Hello SoFo

South Fork Natural History Museum


South Fork Natural History Museum (SOFO) seen from the former vineyard of Bridgehampton Winery

We seem to be having a run of grey, cold, damp days here on the East End. It is the perfect weather to visit a museum. Having recently enjoyed the Parrish, I looked for another engaging venue for a Sunday afternoon visit. Enter SoFo, which is shorthand for the South Fork Natural History Museum, in Bridgehampton, NY. This gem has been in its present location, on the 377 Bridgehampton / Sag Harbor Turnpike since 2005. Once the home of the Bridgehampton Winery, today a full range of exhibits, live specimens, and a touch-tank await you.


Two Floors – No Waiting


Nature educator Tyler explains a lower-floor exhibit

I arrived to find a quiet museum. Nature educator Tyler greeted me and helped me fill out the paperwork for a family membership. In the morning hours, families with kids enjoyed the site, but now I had the place to myself. Tyler gave me a personal tour, and there was much to see and learn. This is a kid-friendly museum with lots of opportunities to open doors and drawers, peep through sight-holes, sniff scents, and touch live sea animals. I couldn’t help remembering how much I loved the Museum of Natural History during my youth.

If Tyler and his colleagues are busy, the museum offers self-guided tours in a flip-book style. Color coded and linked to symbols on the floors, they are easy to use.

Upper Floor at SOFO – Birds, Mammals, Amphibians, Fish…

The upper floor contains exhibits covering our local avian and mammalian friends, with several composite habitat displays. These displays are half diorama, and half water-world, containing live fish, frogs, turtles, and the like. This approach makes it easy to understand habitats, food sources, and migratory habits of the inhabitants. There are allso wall-mounted displays that give visitors chance to learn, for example,  about which birds migrate, which winter here, and why. See a drawer or door in the display area? Pull it open and have a look. This is a hands-on museum experience. The following photo galleries show you a bit of what is here, but there is much more to see, touch, and enjoy.

Wait, there is more on the upper floor… from birds to foxes…

SOFO butterfly garden

Nope, no butterflies in evidence today.

The upper floor also features a deck with binoculars available for viewing the 1200 acres that once formed the winery’s vineyards.
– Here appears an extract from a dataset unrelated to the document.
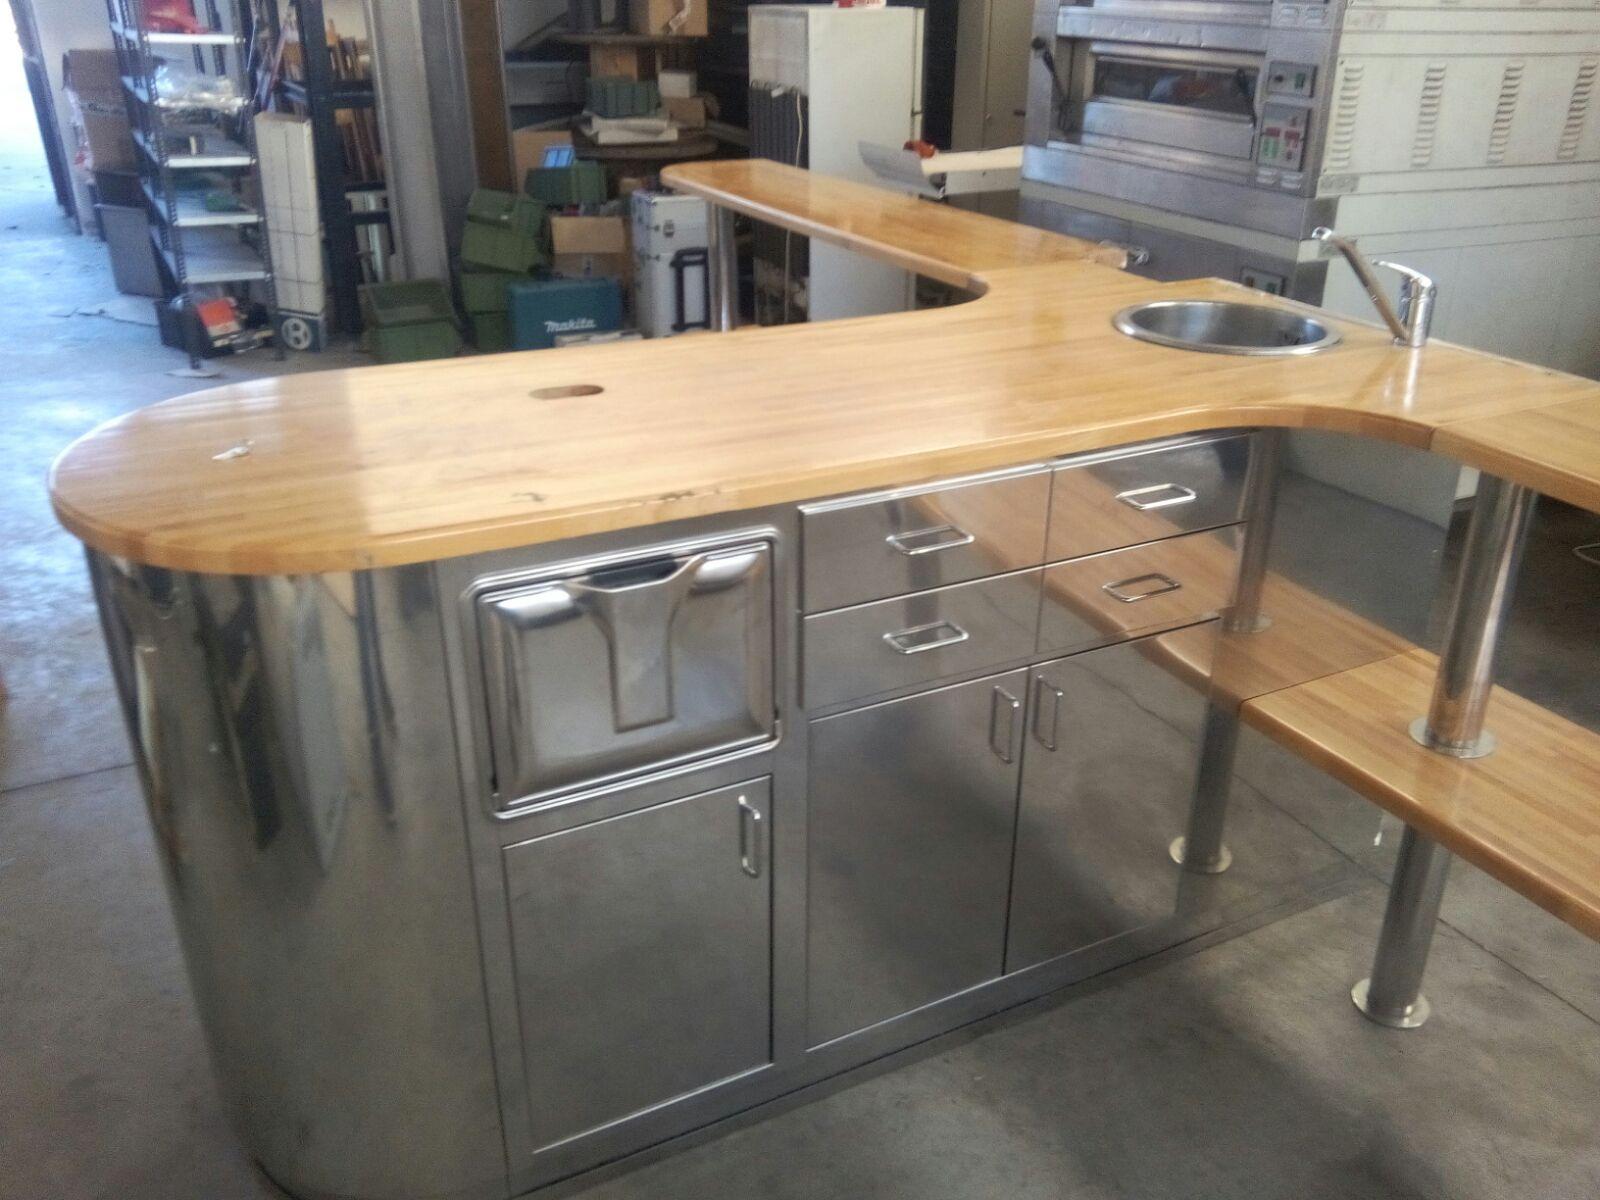 Restock s r l idea banco bar in stile vintage industriale for Bar stile industriale
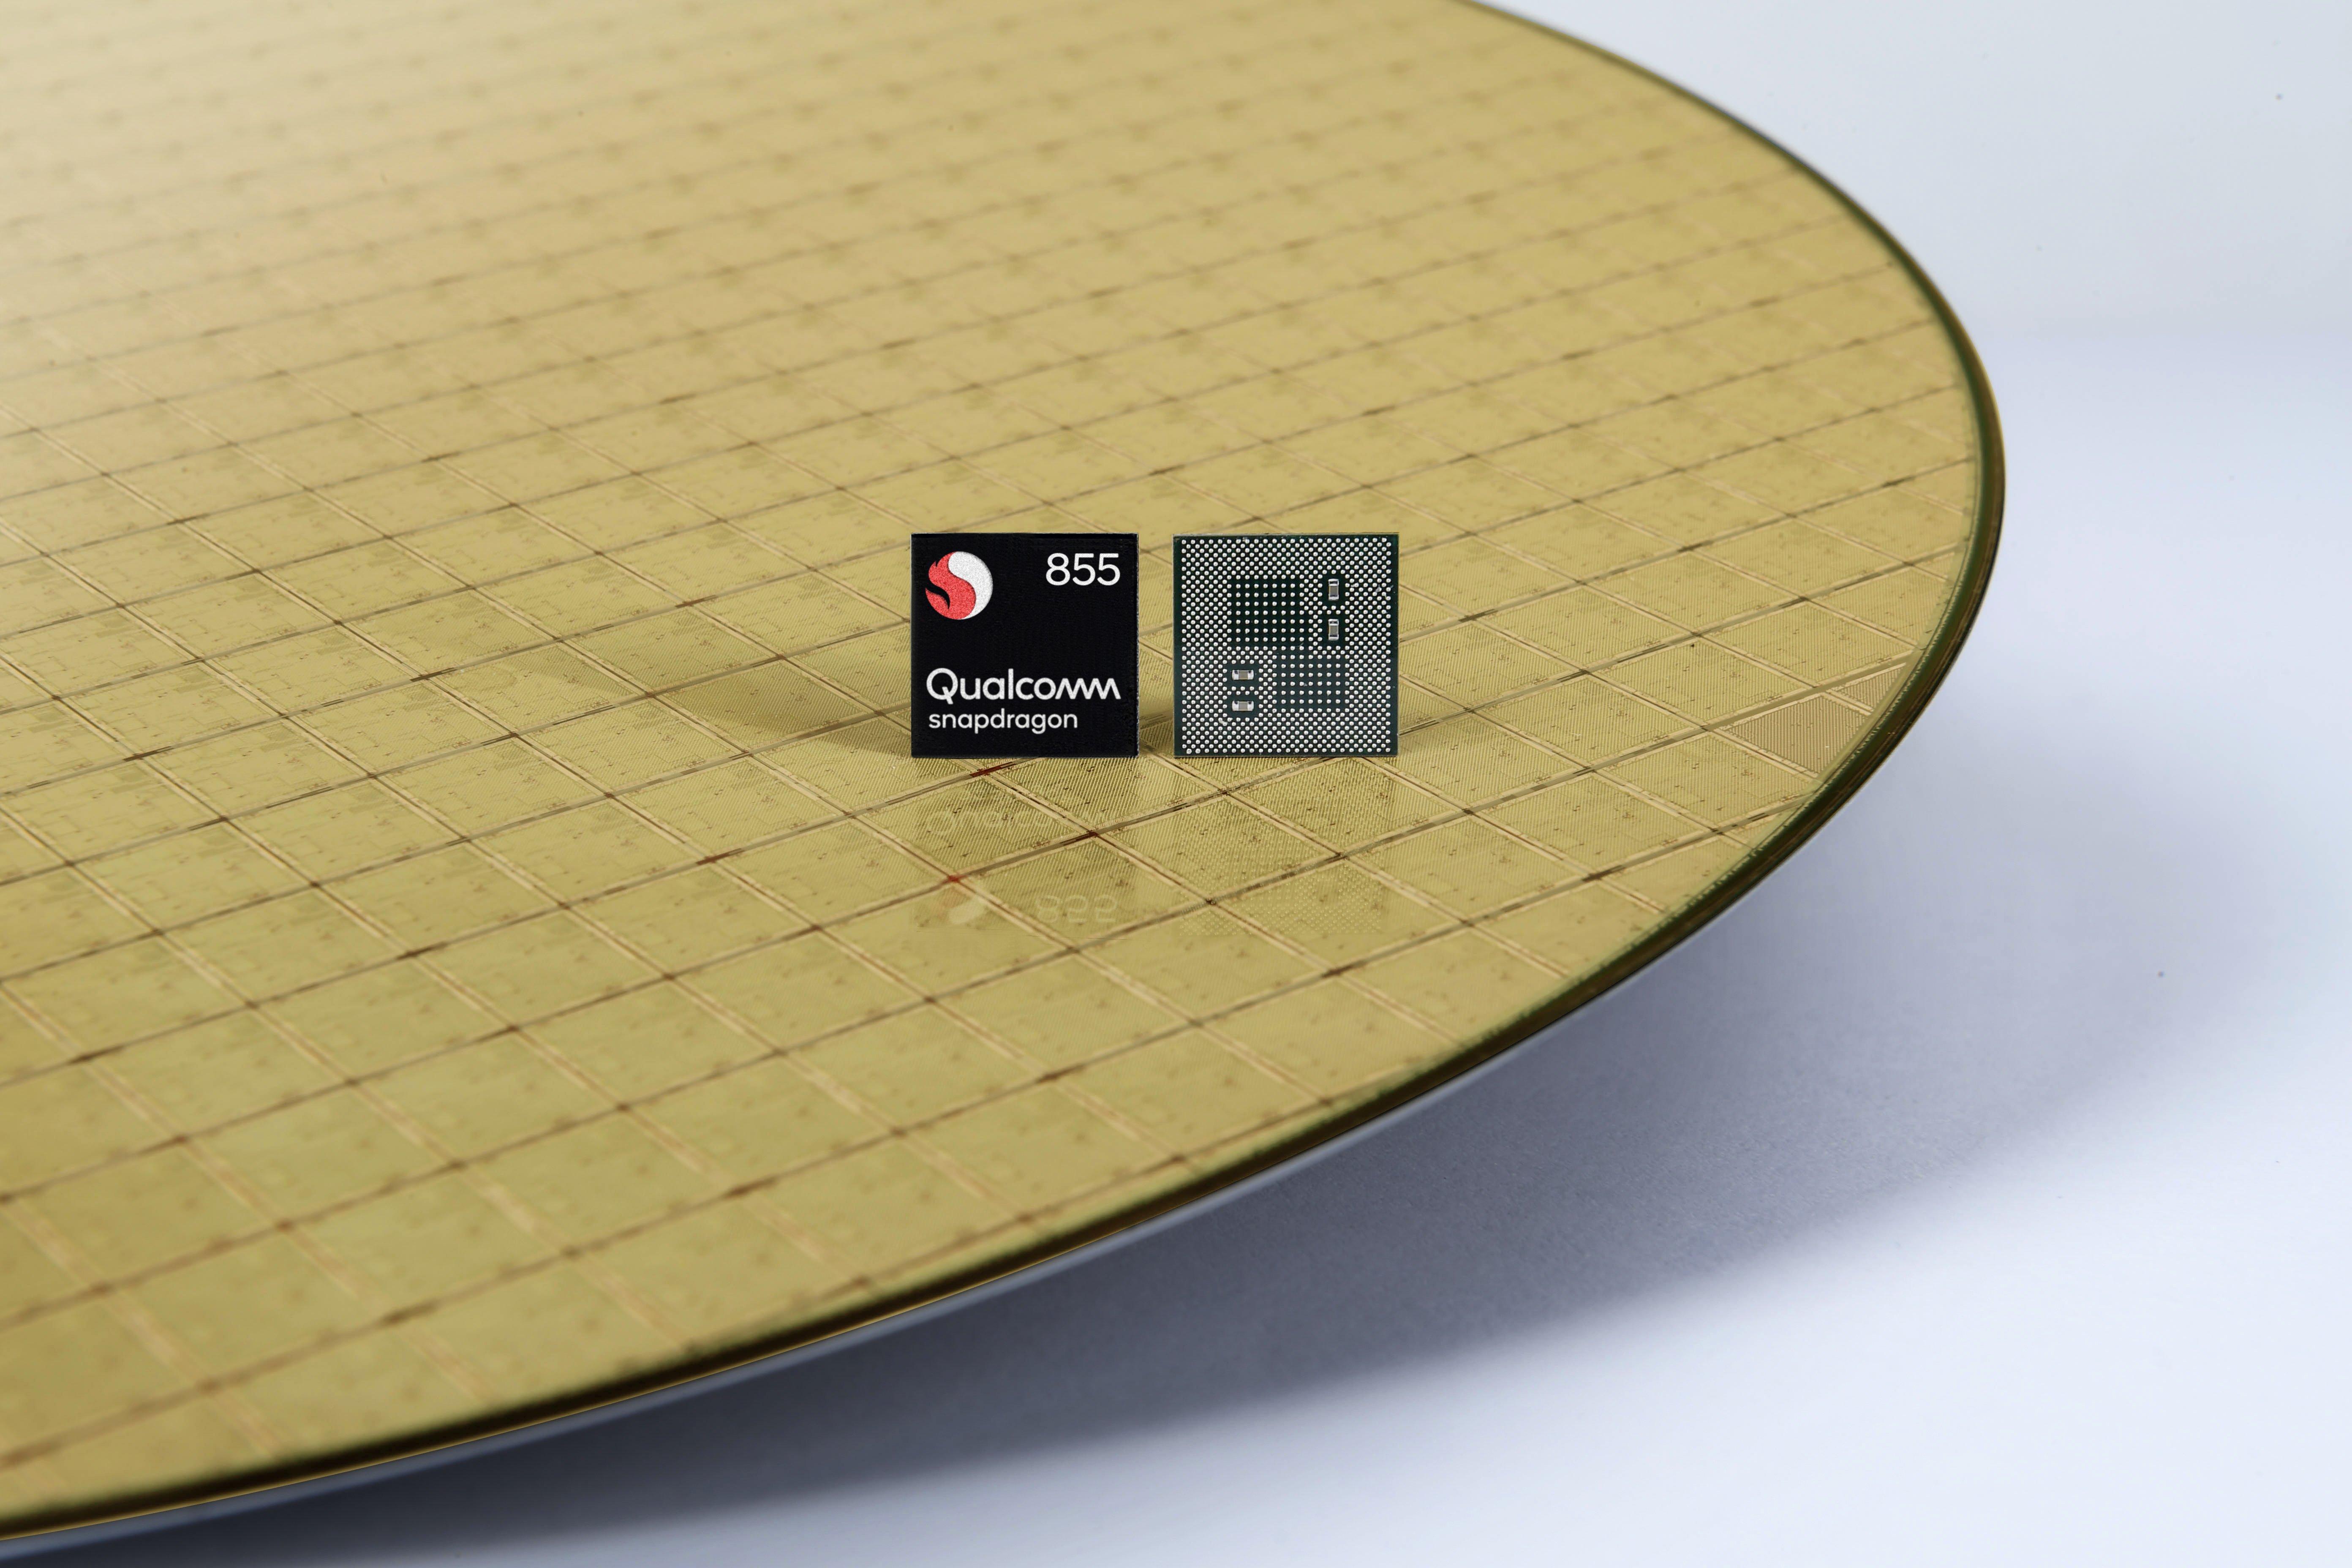 Qualcomm Snapdragon 865 Prozessor mit integriertem 5G-Modem

On the cold snowy day I visited, the inside of the museum was far more appealing.

In better outdoor weather, there are marked trails and exhibits that will interest budding naturalists. I did tramp around after the visit and found this butterfly garden, awaiting the return of the butterflies.


Lower Floor at SOFO – Reptiles, Amphibians, and Sea Creatures

Amphibians and Reptiles SOFO

Amphibian and Reptile Tanks

Our East End is surrounded by water, and the lower floor of SOFO features many of the creatures that inhabit our aquatic ecosystem. Best of all, these creatures are alive and visible in tanks and in the touch tank.

What is a touch tank? You guessed it, a large semi-circular tank at kid-height, full of crabs, mussels, snails, and other amazing little creatures. I enjoyed picking up crabs and touching the sea anemones and sea urchins. Don’t worry… these are not the sharp, painful urchins found in the Caribbean. Have a look at some lower floor exhibits in the galleries following.

The Burrfish, pictured above, is a beautiful relation of the local blowfish and the Japanese Fugu. I watch him use his sharp teeth to crush and eat a snail. The burrfish has a young Tautog as his tank companion. As neither fish eats other fish, they make good companions.

Here are some more lower floor companions. Each is an amazing little creature, waiting for you.


 Much more, too

I’ve given you a picture of some of the exhibits, but there is much more to the museum. There are moon-lit hikes, lectures, movies, forest walks, birding, beach walks, drawing classes, and many activities designed especially for young visitors. This weekend there is a movie presentation by Panthera, the organization that works to protect wild cats. Despite the high winds and blowing snow, we will be there.